Liquid Sheet Breakup in Gas-Centered Swirl Coaxial Atomizers

TL;DR

This study investigates how a central gas jet influences the breakup of swirling liquid sheets in coaxial atomizers, revealing that the jet's effects depend on the liquid's inertia and significantly affect spray characteristics.

Contribution

It provides experimental insights into the role of central air jets on liquid sheet breakup, highlighting the effects of flow parameters on breakup length and surface corrugations.

Findings

Central air jet shortens breakup length for low inertia sheets at small Re_g.

High inertia sheets are less affected at small Re_g but develop shorter breakup lengths at higher Re_g.

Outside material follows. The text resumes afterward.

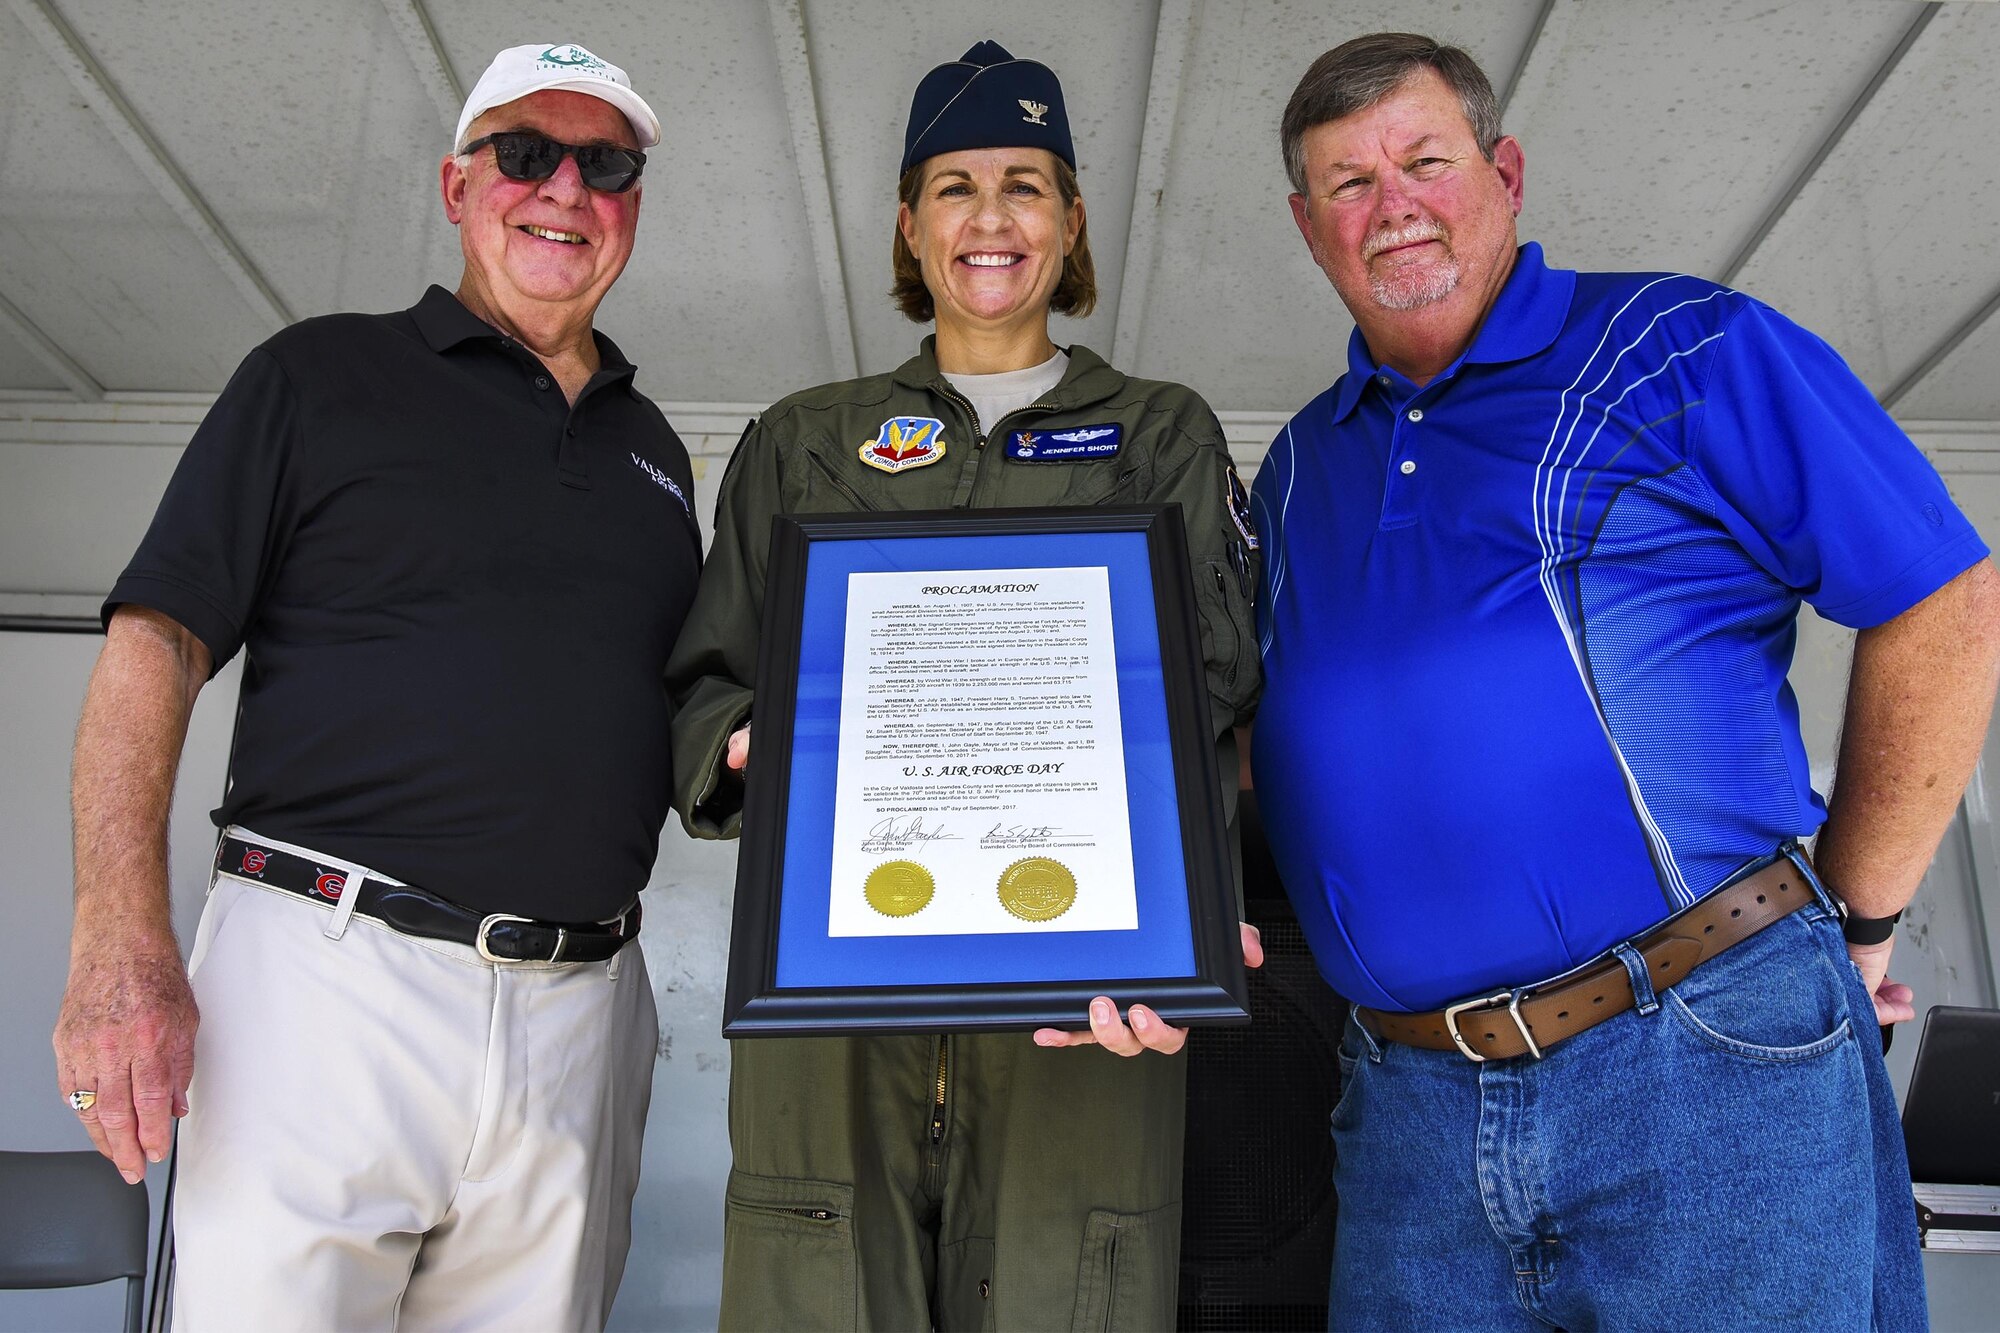 John Gayle, Mayor of Valdosta, left, U.S. Air Force Col. Jennifer Short, 23d Wing commander, middle, and Bill Slaughter, Chairman of the Lowndes County Board of Commissioners, right, display a proclamation during a U.S. Air Force 70th birthday celebration, Sept. 16, 2017, in Valdosta, Ga. During the celebration, Gayle and Slaughter both proclaimed that Sept. 16 will be named, “U.S. Air Force Day” within Lowndes County and Valdosta. (U.S. Air Force photo by Airman Eugene Oliver)

Surface corrugations induced by the air jet promote ligament formation.

Abstract

The study deals with the breakup behavior of swirling liquid sheets discharging from gas-centered swirl coaxial atomizers with attention focused toward the understanding of the role of central gas jet on the liquid sheet breakup. Cold flow experiments on the liquid sheet breakup were carried out by employing custom fabricated gas-centered swirl coaxial atomizers using water and air as experimental fluids. Photographic techniques were employed to capture the flow behavior of liquid sheets at different flow conditions. Quantitative variation on the breakup length of the liquid sheet and spray width were obtained from the measurements deduced from the images of liquid sheets. The sheet breakup process is significantly influenced by the central air jet. It is observed that low inertia liquid sheets are more vulnerable to the presence of the central air jet and develop shorter breakup lengths at smaller values of the air jet Reynolds number $Re_g$. High inertia liquid sheets ignore the presence of the central air jet at smaller values of $Re_g$ and eventually develop shorter breakup lengths at higher values of $Re_g$. The experimental evidences suggest that the central air jet causes corrugations on the liquid sheet surface, which may be promoting the production of thick liquid ligaments from the sheet surface. The level of surface corrugations on the liquid sheet increases with increasing $Re_g$. Qualitative analysis of experimental observations reveals that the entrainment process of air established between the inner surface of the liquid sheet and the central air jet is the primary trigger for the sheet breakup.